Kind of like people avoiding going to Florida in the winter, unless they have a home there. The state gets a bit overcrowded.


----------



## oldman (Apr 23, 2022)

Here’s another story of scared passengers. (Some may not find it interesting.)

We were landing in Denver during a snowstorm in late February and was almost blizzard conditions. This was at the old Stapleton Airport. The winds coming down off the Rockies into Denver can make landing a challenge at times, but now add a snowstorm to the mix and it’s a stressful situation.

I’m flying the plane and the first officer is taking care of the communications and watching the gauges, etc. We were in our final approach, about 10 miles from the airport when the traffic controller reports winds have increased to 25kts at 240, which in this case was our tail. So, I knew we were going to get shoved down the runway upon landing. I immediately reduced speed to 160 with full flaps and kept the rudder and stabilizer at normal points for landing. There were no crosswinds.

Just a moment before touchdown, I idled the engines and right after touchdown, I engaged the thrust reversers. The runway was clear, so we had a good landing, taxied to the gate, retracted the flaps and shut down the engines.
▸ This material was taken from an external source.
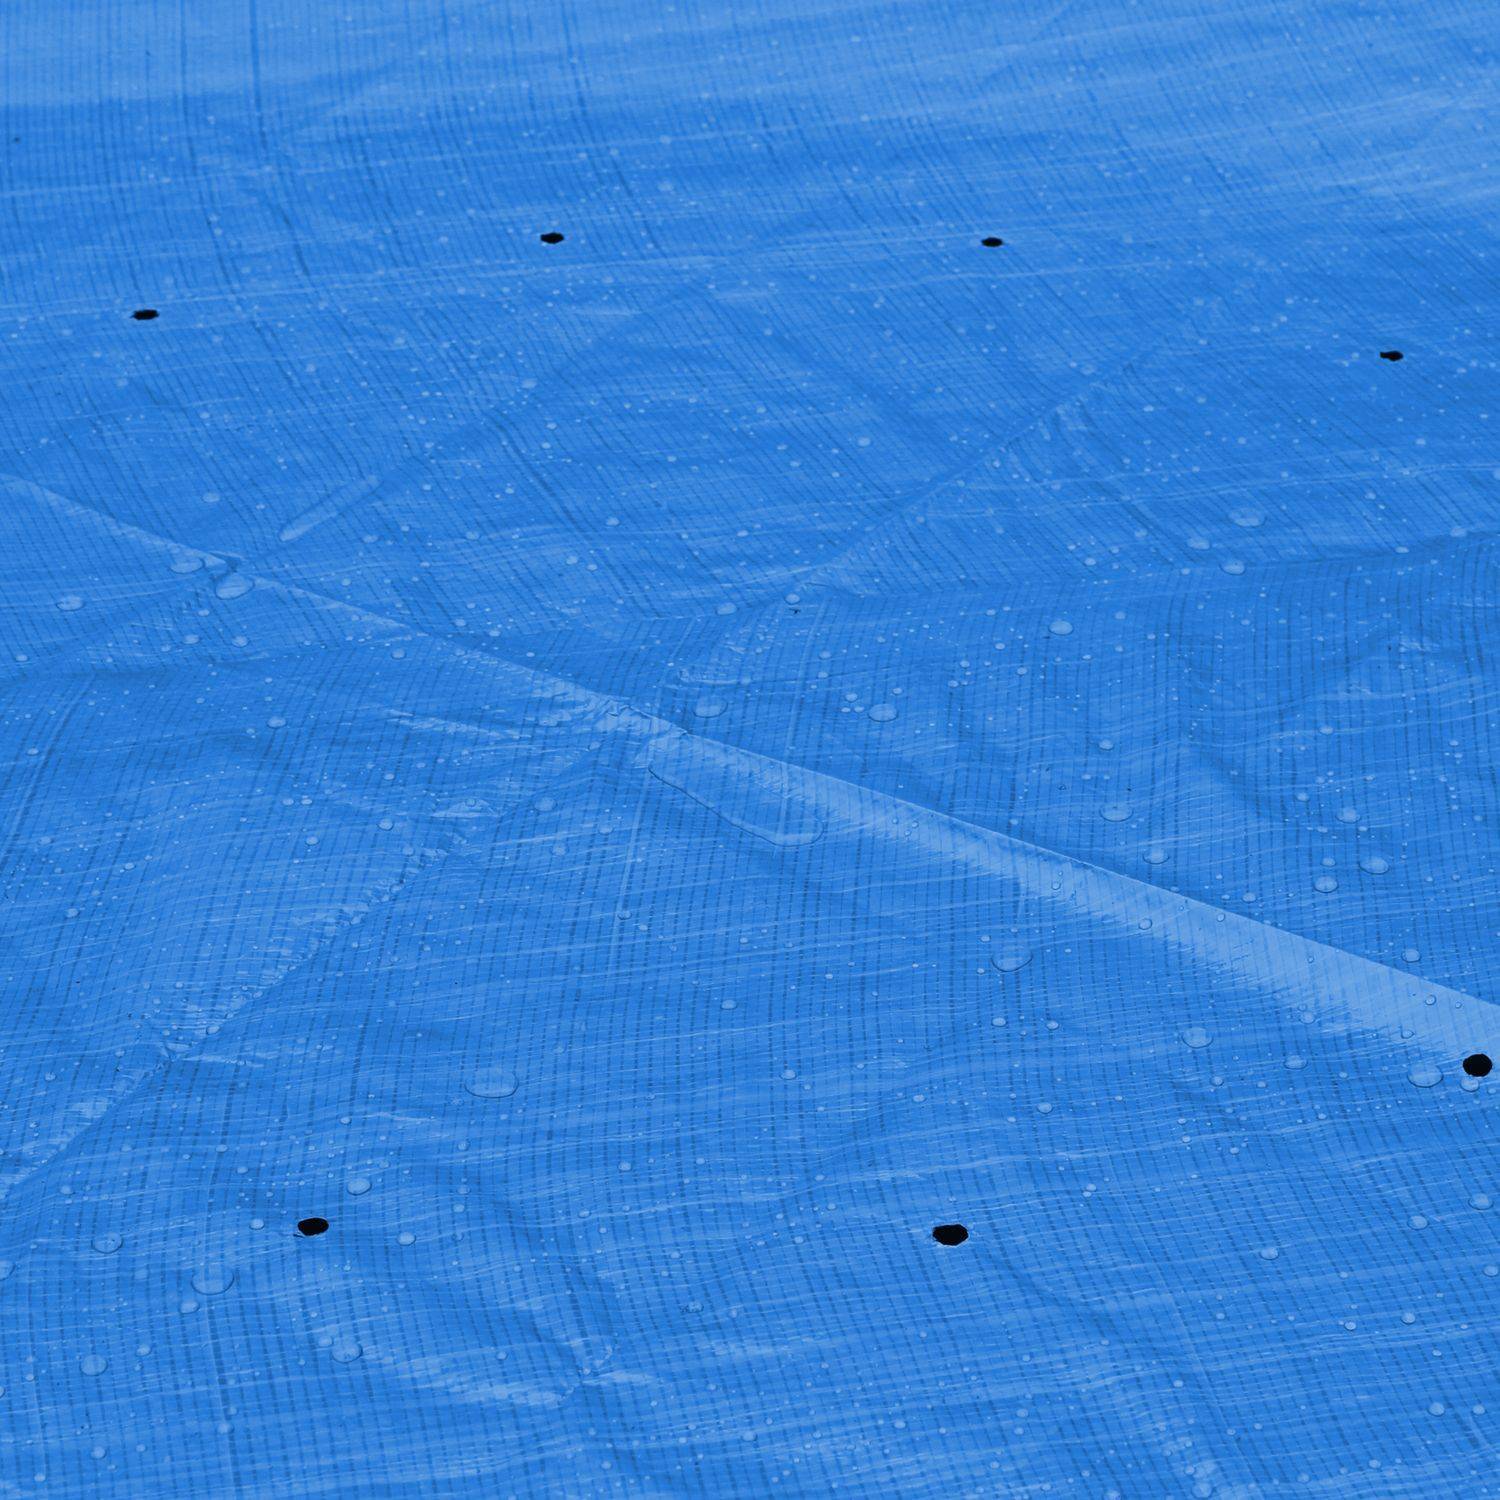  Schutzabdeckung Ø330cm für runde Aufstellpools Ø300cm, Blau, Poolabdeckung, Schutzfolie Schwimmbecken Photo3

What I didn’t know was that the flight attendants were dealing with many scared passengers. Some were throwing up, others were crying, a few even yelled we were going to crash. I couldn’t figure out what started all the commotion.

I came to find out that “Sky News” was on the monitor at the time and they were talking about a plane in Germany had crashed due to similar weather conditions and one person freaked out and then we had the domino effect where one person starts and the others follow after. Our flight attendants were not happy. BTW, that was the last time that “Sky News” showed any plane crashes.

When I opened the cockpit door, I expected to see a lot of smiling faces, not a freak show going on.


----------



## Autumn72 (Apr 23, 2022)

You sure did something right


----------



## Pappy (Apr 24, 2022)

If I had been on that plane, my pants would need changing before I got off. Very scary.


----------



## Geezerette (Apr 24, 2022)

Old man, what a fabulous save! Actually piloting the plane instead of letting computers do the flying!
I’ve been aboard 2 scary approaches. First was on an old Mowhawk twin engine commuter plane going from NY CITY  to Albany. Looked out the right side window about 1/4 the way up and the engine on this right side was giving off black smoke. Pilot dropped down to about 500 feet and flew it straight up over the Hudson, right over the bridges. . I guess the thinking was fewer people would be hurt than if it crashed on the densely populated land. And I’m thinking, well at least I’m good swimmer. (In 1972 a. Mohawk had actually crashed with fatalities outside Albany airport). So we made it to Albany, landed far from the terminal with all sorts of emergency vehicles waiting.
Big round of applause and cheering for pilot.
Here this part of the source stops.